The decline in high margin letter volumes earlier this year and extra costs associated with servicing the unexpected parcel demand made increased revenues as much a burden as a blessing earlier in the year. At the half year the group reported an underlying operating profit of just £37m. Christmas has been transformative.
Now the additional infrastructure is in place putting millions of extra parcels through the fixed cost base has dramatically improved parcel margins. A strong January and ongoing lockdowns suggest that trend will continue into the final quarter.
We can't help but wonder what happens to margins when the lockdown driven parcel surge dries up though. E-commerce may be the future of retail, but we are probably at a short-term high for parcel deliveries. For that reason it's good to see the group resolving some longer run problems.
Investment in parcels infrastructure is rising - with investment of a new, fully automated parcels hub in the Midlands capable of sorting over a million parcels a day. Agreements with its unions also help soothe long running industrial tensions.
At the PLC level Royal Mail also benefits from the strength of its international business. It's the fastest growing part of the business and has managed to remain robustly profitable throughout the crisis. It's a blueprint the group would love to emulate in the UK.

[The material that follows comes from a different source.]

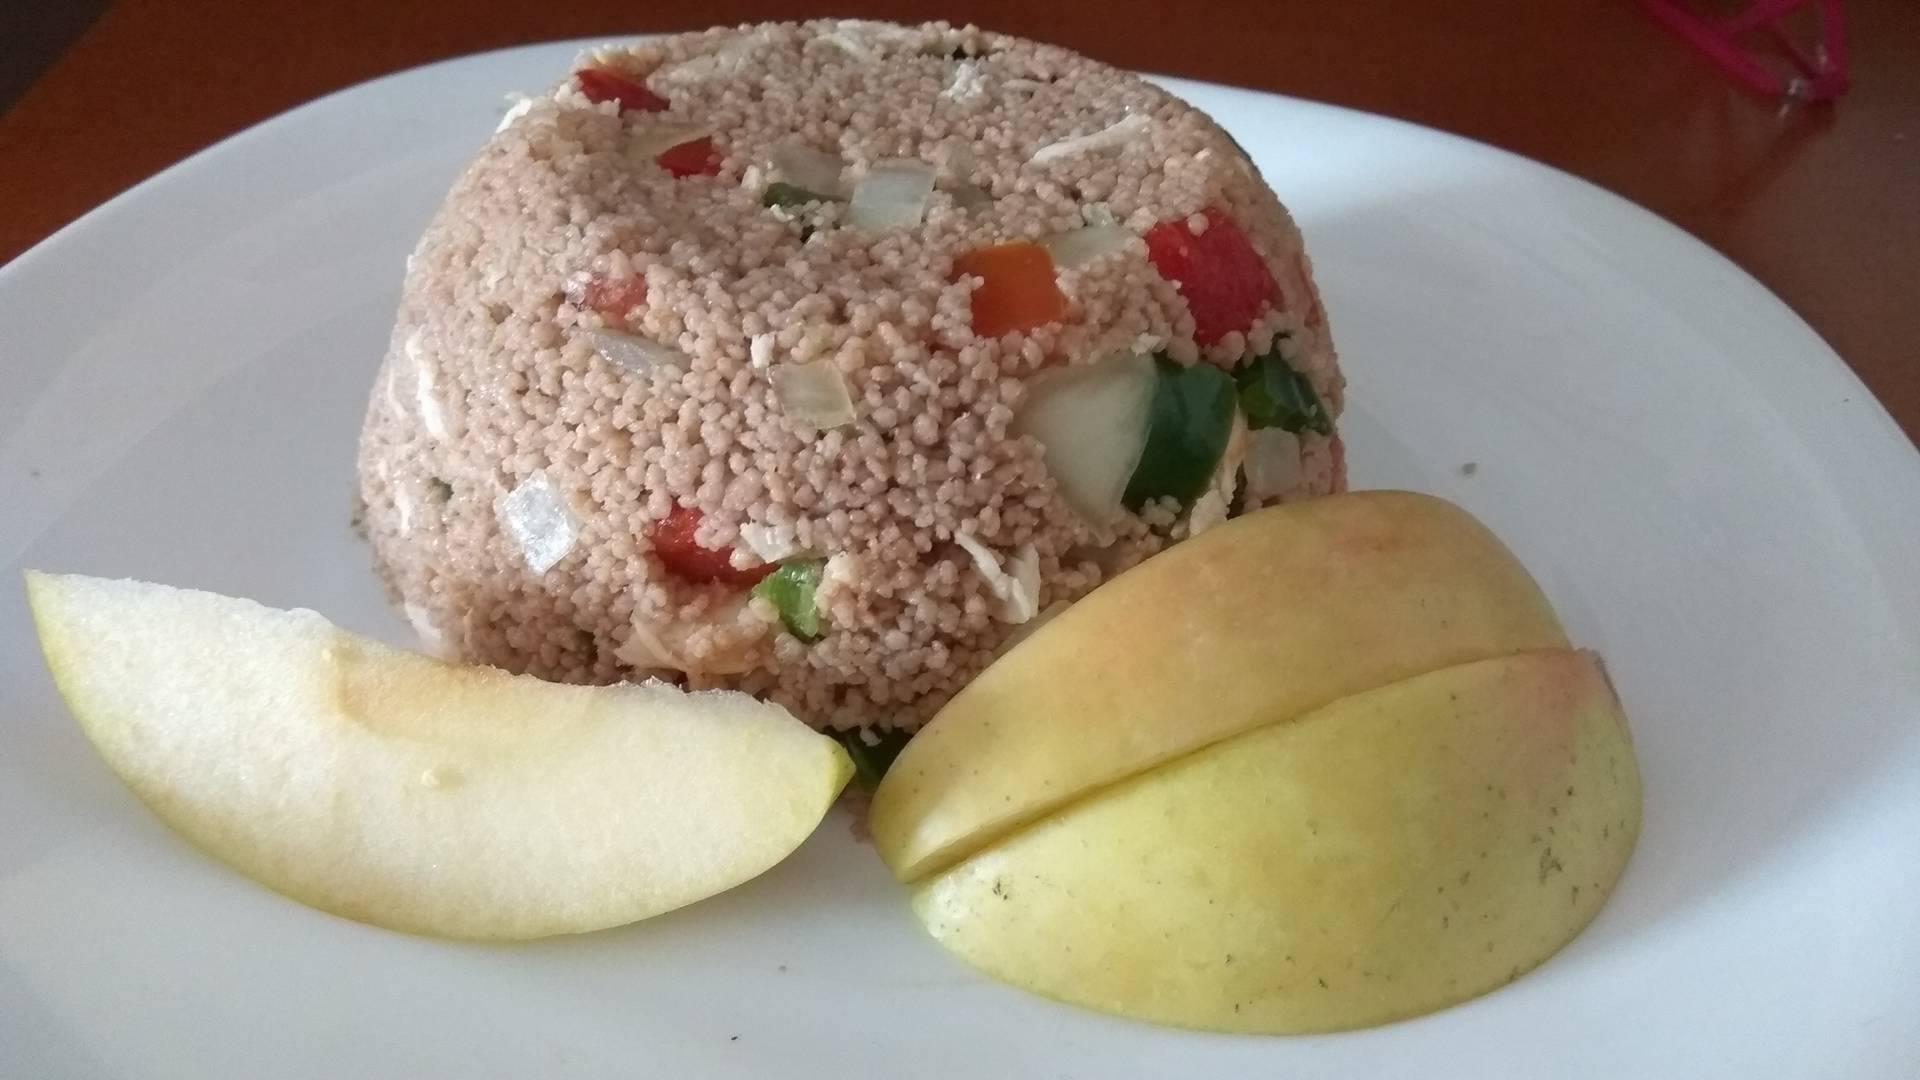 Ensalada de Cous Cous de Espelta Integral Bio con pollo y hortalizas, como los alimentos Bio dan muchísimo sabor 1

The combination of short-term uncertainty and long-term investment demands led the group to scrap its dividend this year. Management hope to get shareholder returns rolling again next year, but even with recent good news we'd expect it to be lower than what was paid in 2019. Royal Mail's balance sheet may be in relatively good shape at the moment, but with several years of heavy investment to come it won't stay that way, and keeping a bit more cash in house makes sense.

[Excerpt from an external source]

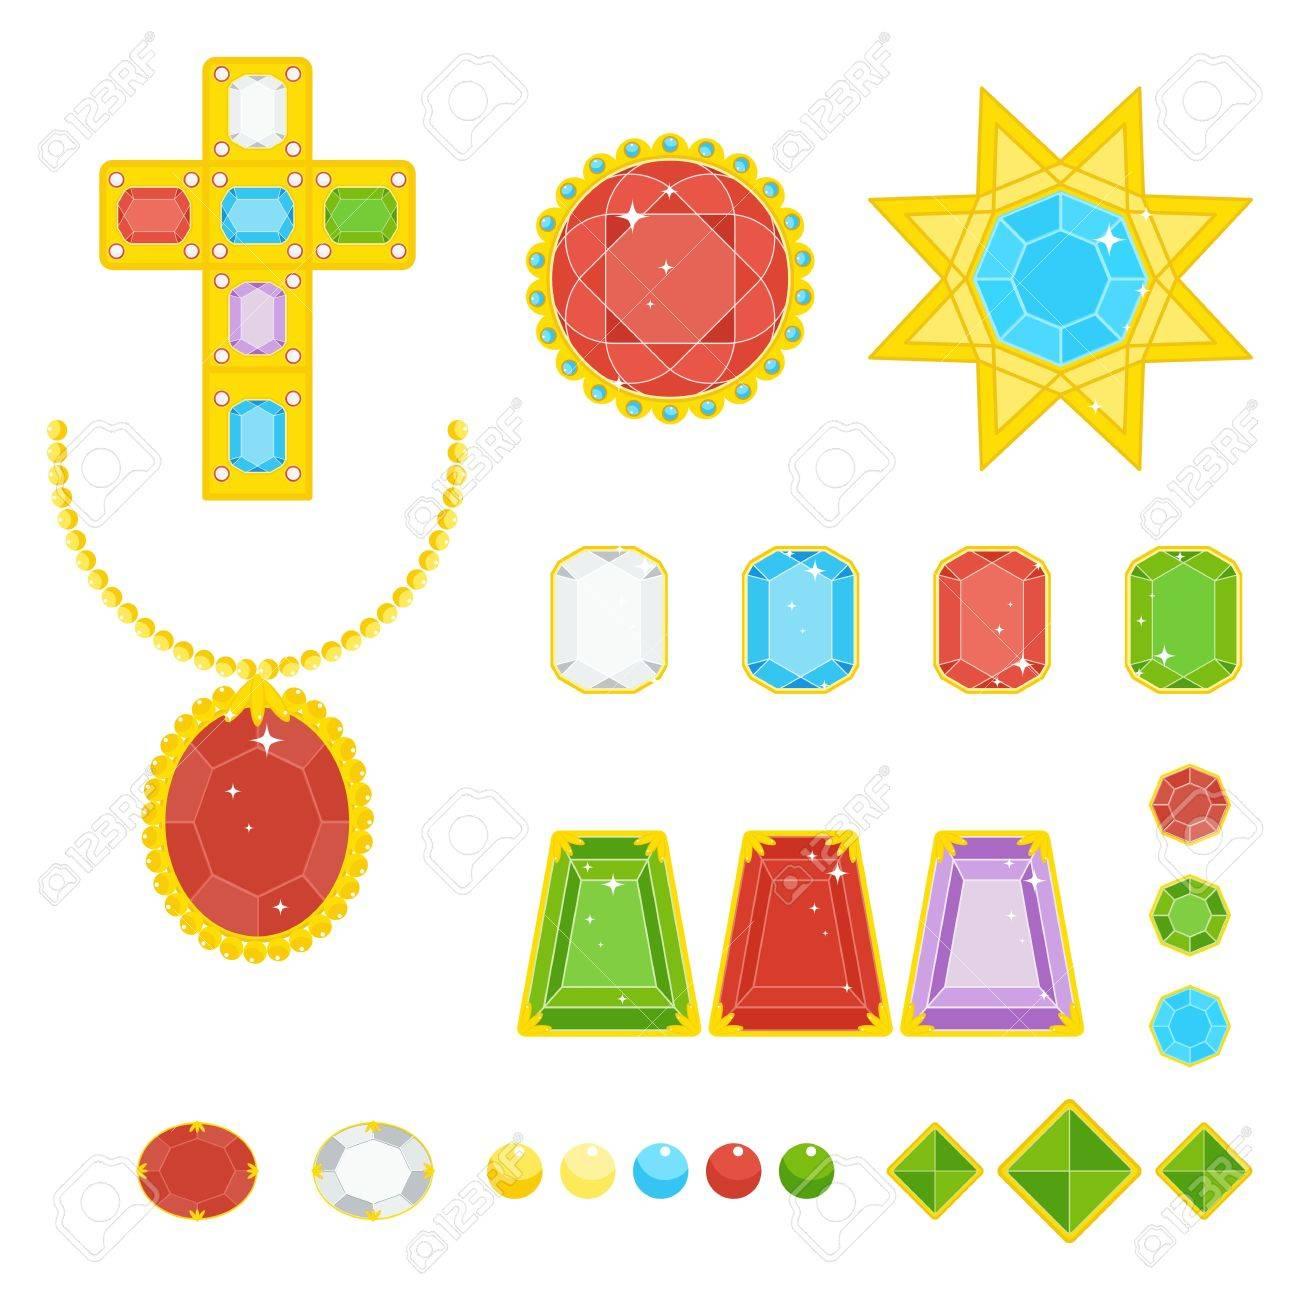 5a5a3561d3a8 Conjunto de joyas con piedras preciosas multicolores en marco de oro.  Ilustración de dibujos animados de vector plano. Objetos aislados en un  fondo ...

It's hard to overstate the challenges Royal Mail faces. Shrinking the cost base, investing in technology and adding to international acquisitions are, in our opinion, the right answers. A strong Christmas 2020 is a good start - but still only the start.
Royal Mail key facts
- 12m forward Price/Earnings ratio: 13.5
- Average 12m forward Price/Earnings ratio since listing (2013): 12.7
- Prospective yield: 2.5%
All ratios are sourced from Refinitiv. Please remember yields are variable and not a reliable indicator of future income. Keep in mind key figures shouldn't be looked at on their own - it's important to understand the big picture.
Third Quarter Trading Update
Royal Mail (the UK business) saw revenues rise 16.5% in the quarter, reaching £6.4m in the first nine months of the year. That reflects a 43.3% increase in parcel revenues (reaching £3.8bn over the nine months) and 8.5% decline in letter revenues (to £2.6bn over the nine months). Growth in both areas has improved on the first half, with revenues growing faster than volumes on positive pricing and product mix.
GLS (Royal Mail PLC's international business) saw revenues rise 29.4%, on a 27% increase in volumes. The group has seen an improvement in the previously underperforming French, Spanish and American and increased volumes has driven margin improvement.
Full Year revenue growth is expected to be "significantly" ahead of the £380m-£580m suggested in November. Given the impact of increased demand on service quality the group is retaining around 10,000 flexible workers taken on over the peak period and keeping four temporary Parcel Sort Centres open.